Records from a data collection
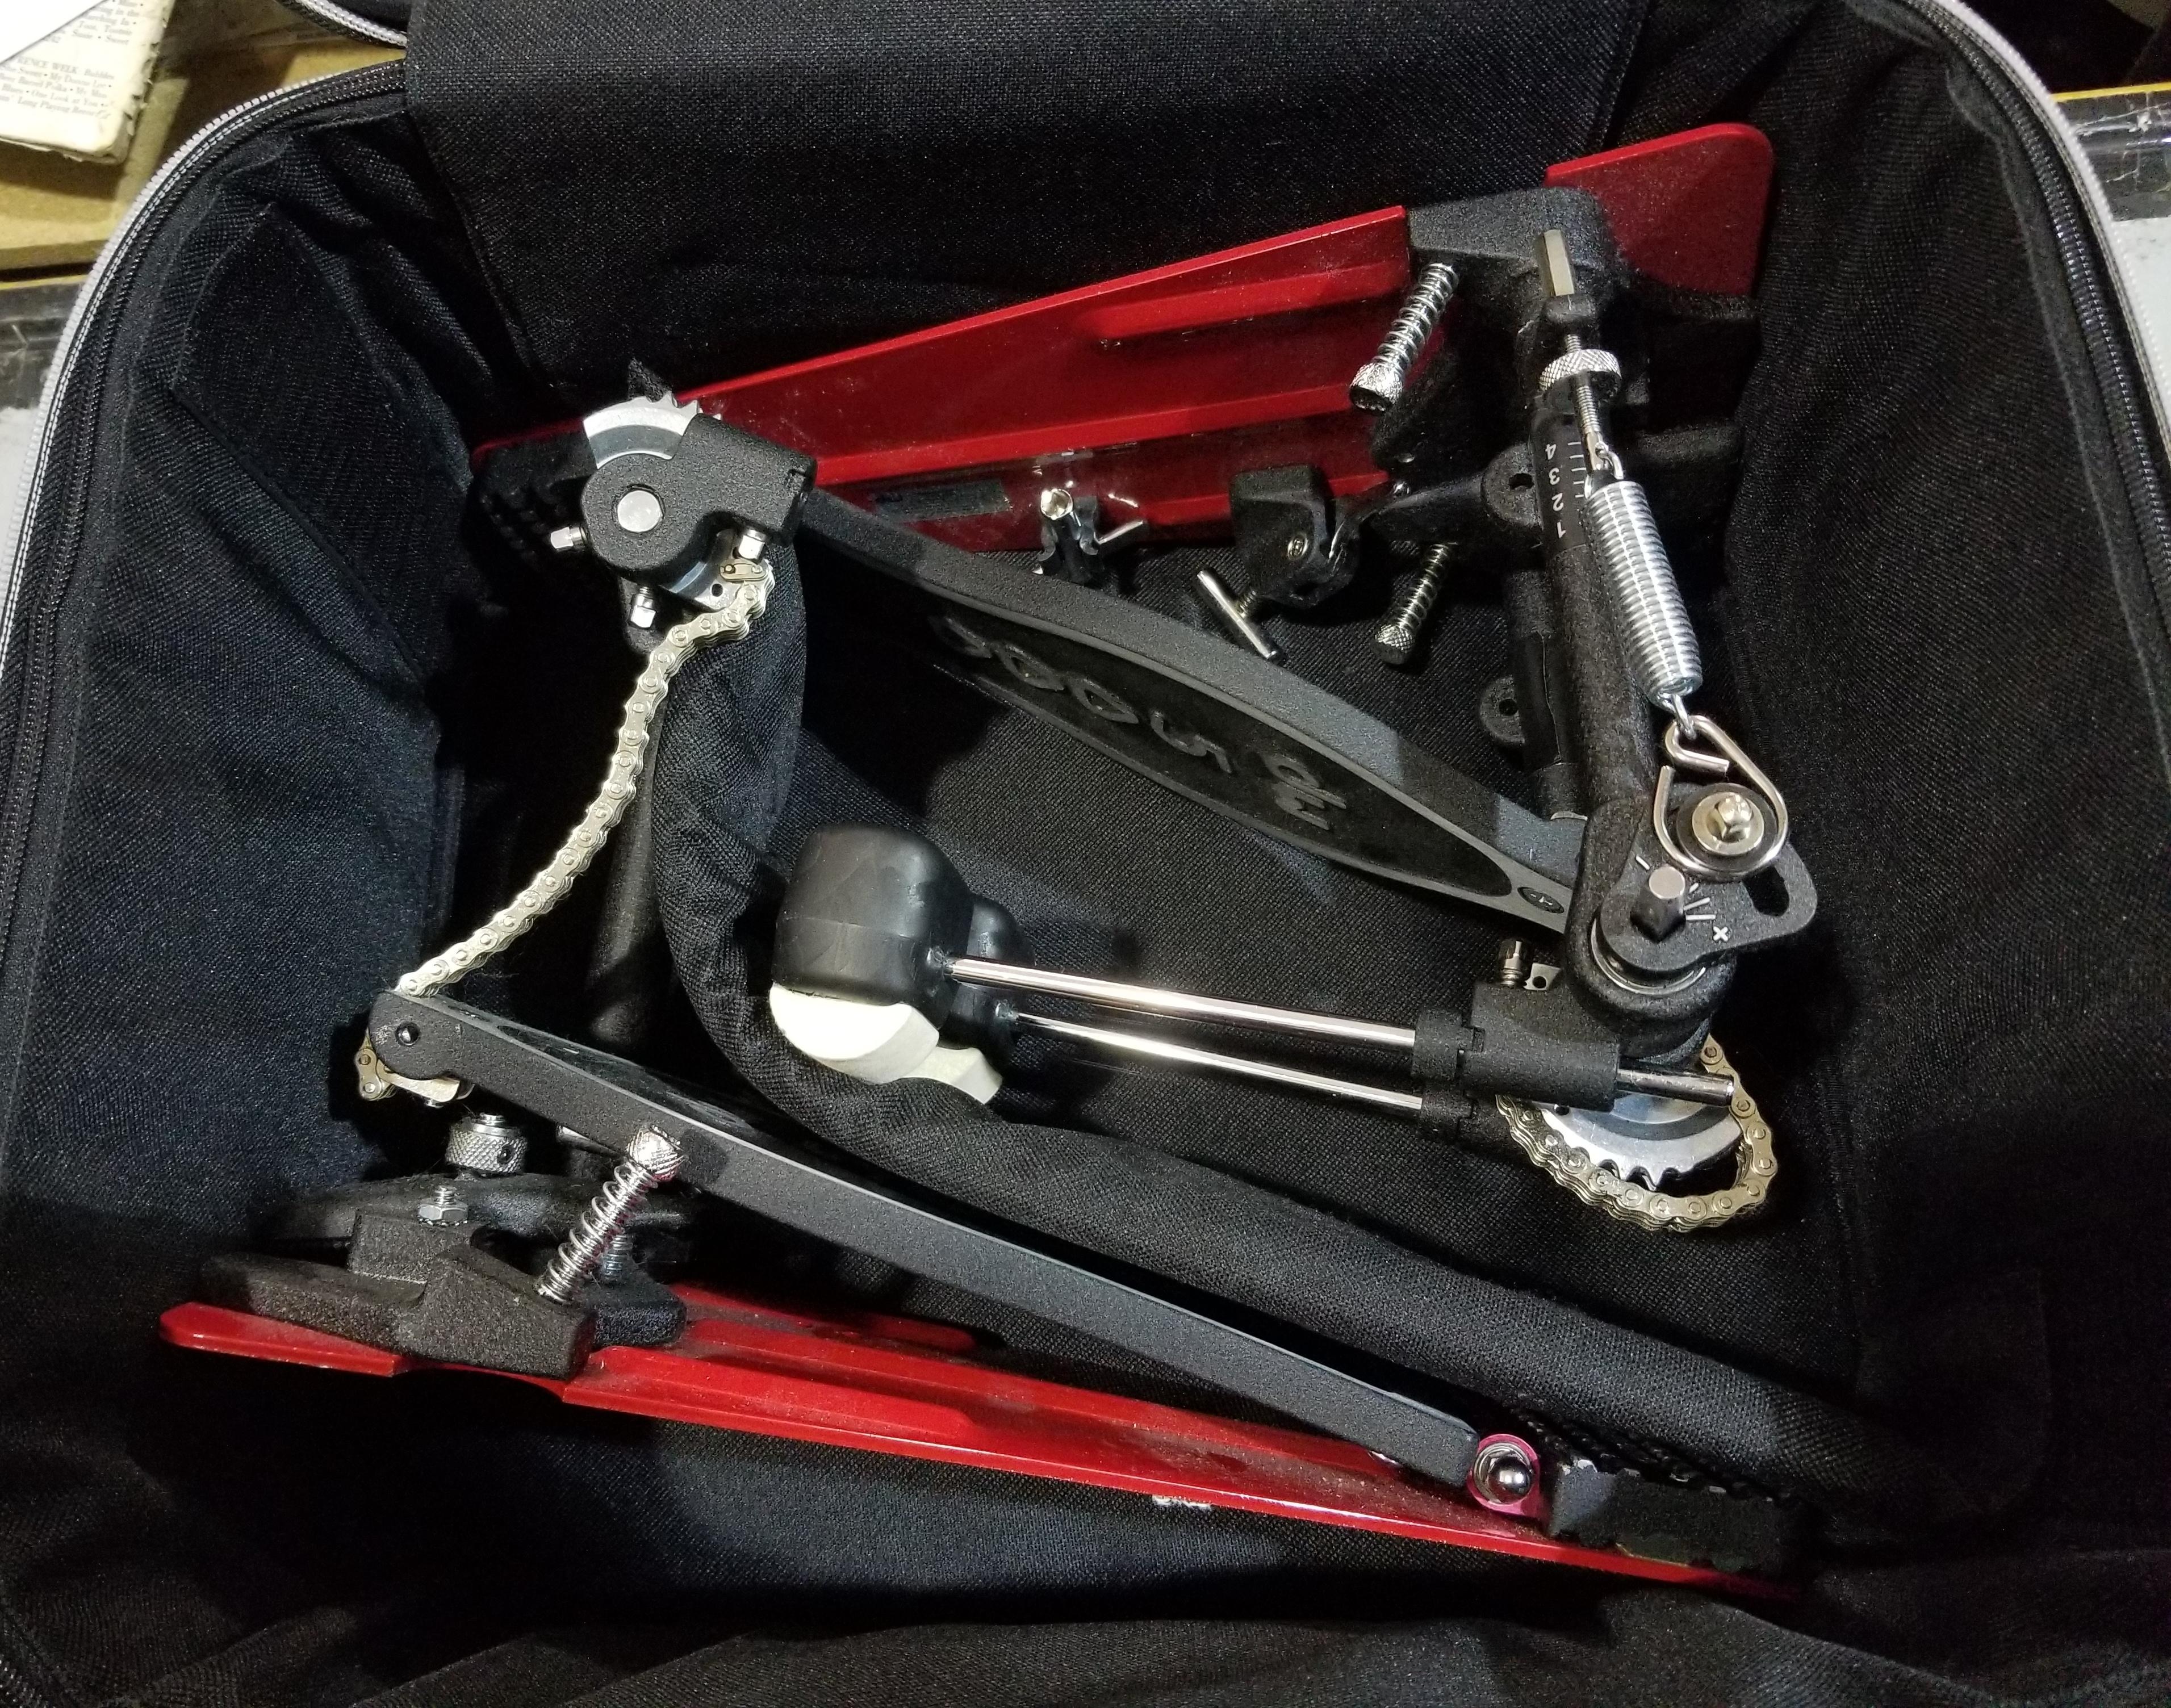 DW 5000 Series Double Kick Pedal
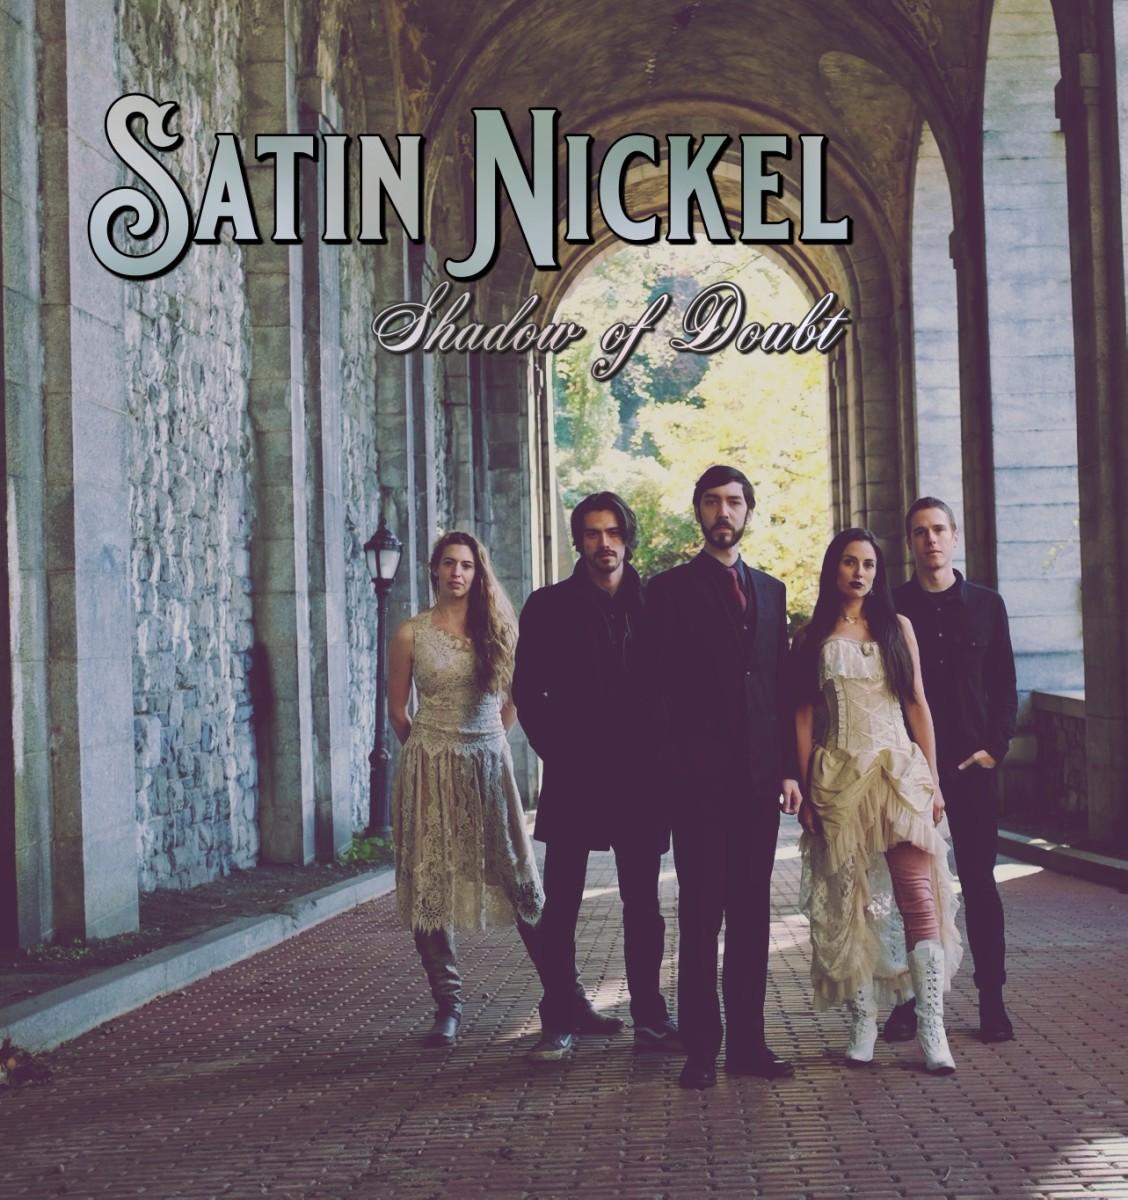 Satin Nickel - SHADOW OF DOUBT - album a
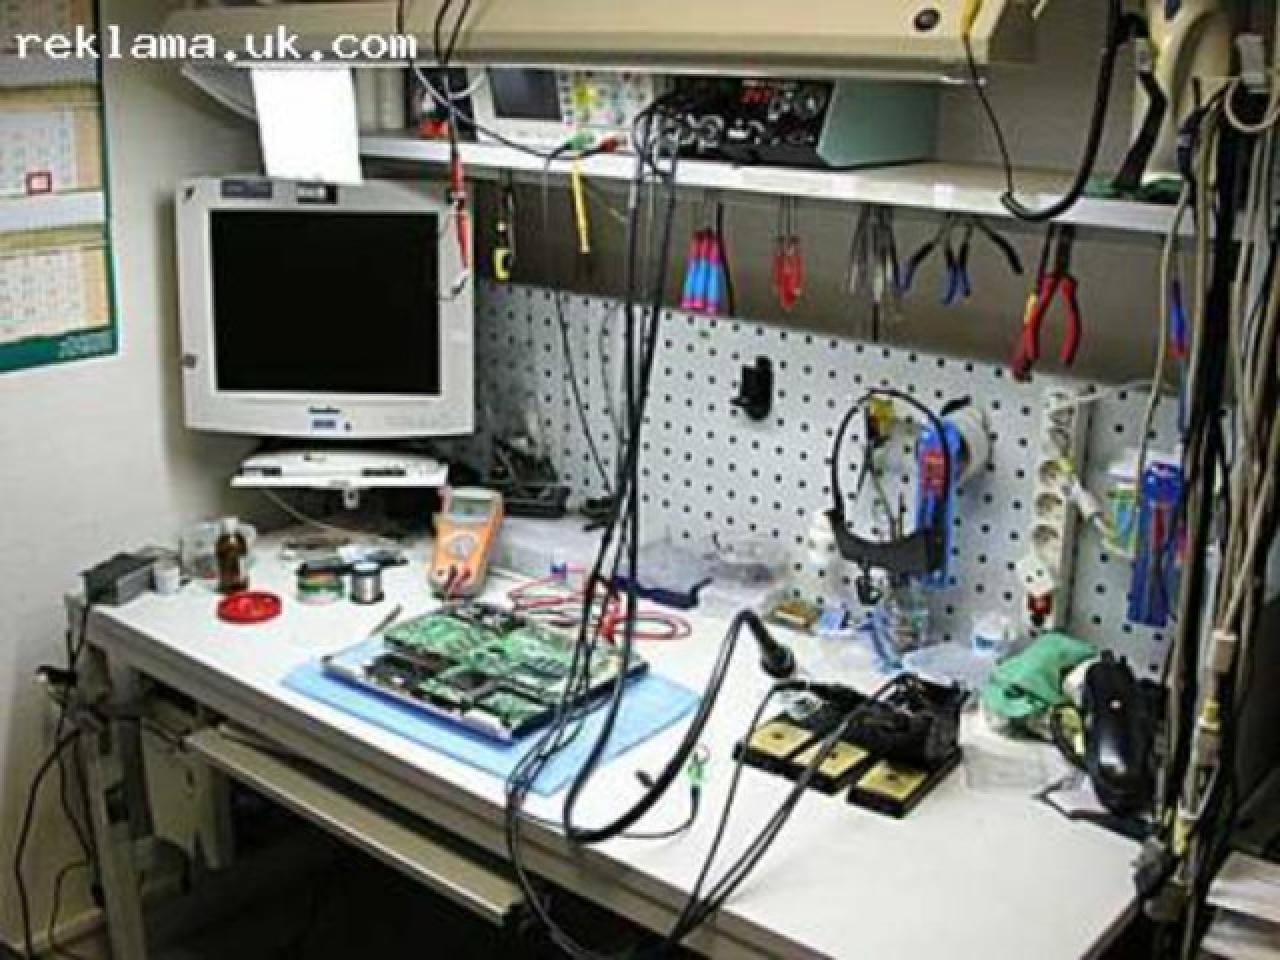 Ремонт компьютеров,ноутбуков,macbook,imac,ребоулинг и замена видео чипов,снятие паролей. - 4
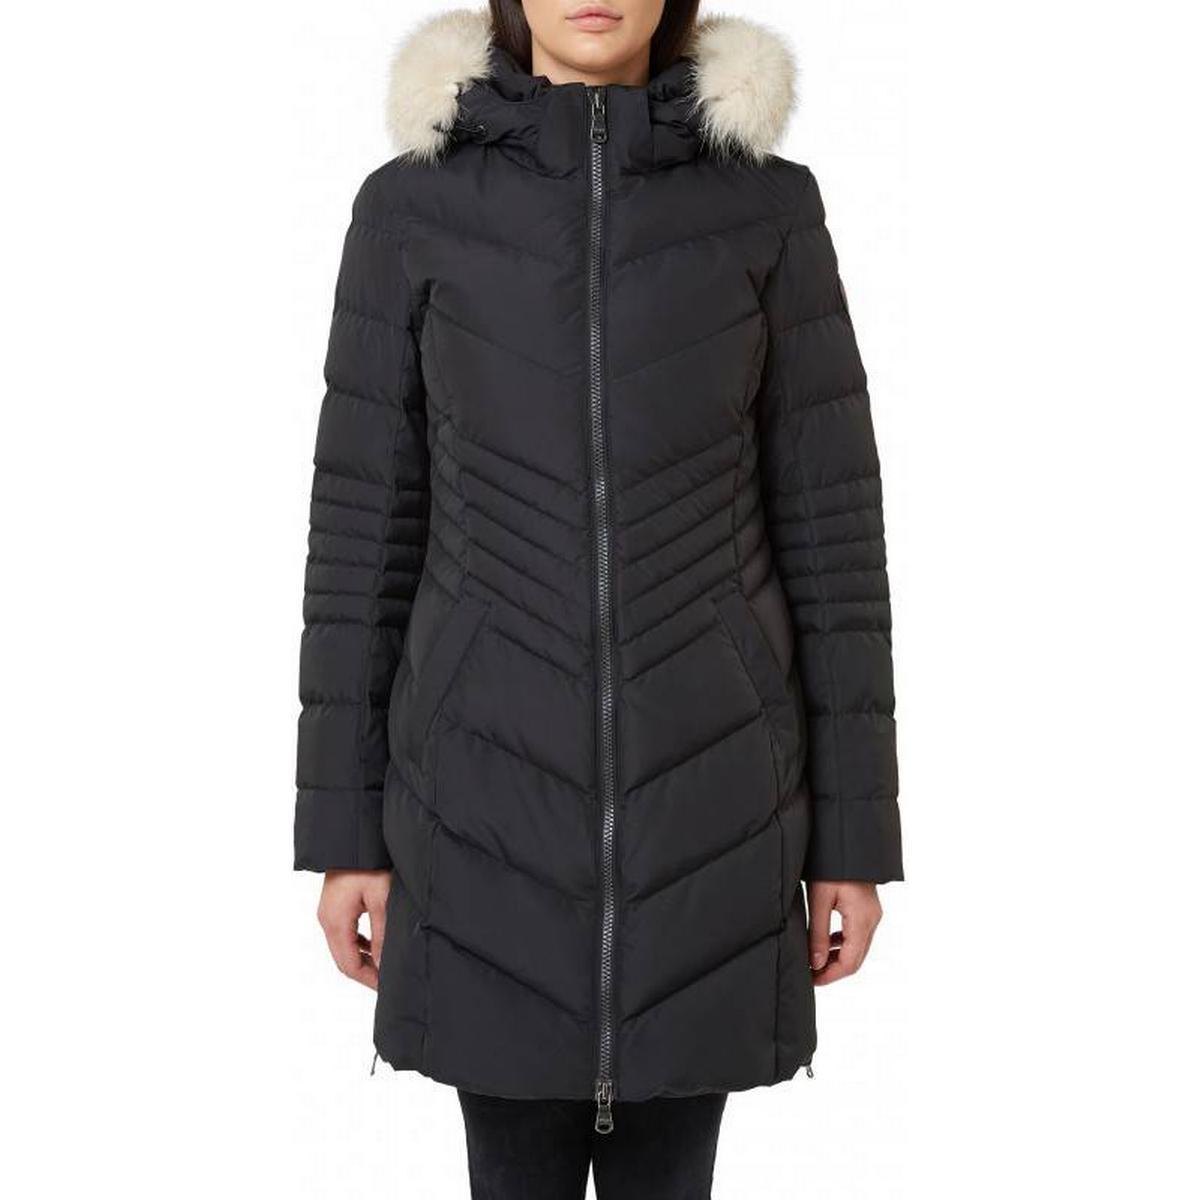 050e0253c0ac Dunfrakke Dametøj - Sammenlign priser hos PriceRunner
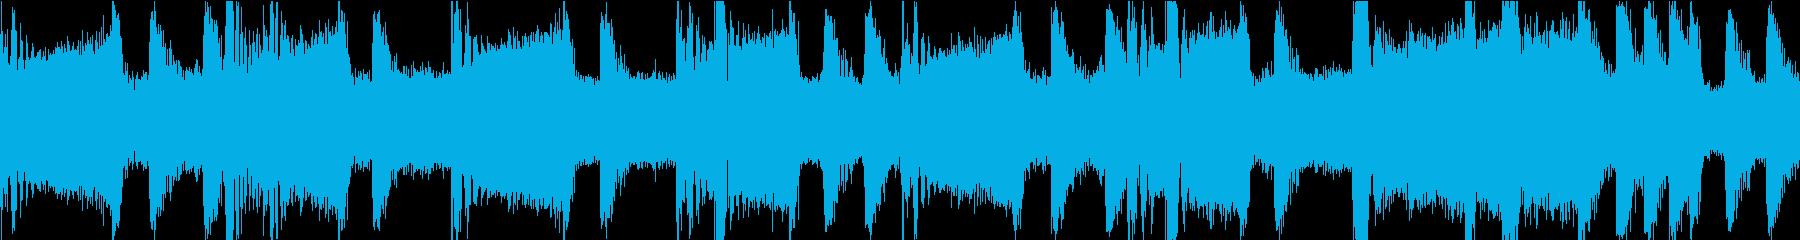 フューチャーベースの再生済みの波形

Directions - Lines from the one holding "050e0253c0ac Dunfrakke Dametøj" to the end of the data, both ends included, are to be given again exactly; no pictures belong in the copy.

Problem solution -
 050e0253c0ac Dunfrakke Dametøj - Sammenlign priser hos PriceRunner
 フューチャーベースの再生済みの波形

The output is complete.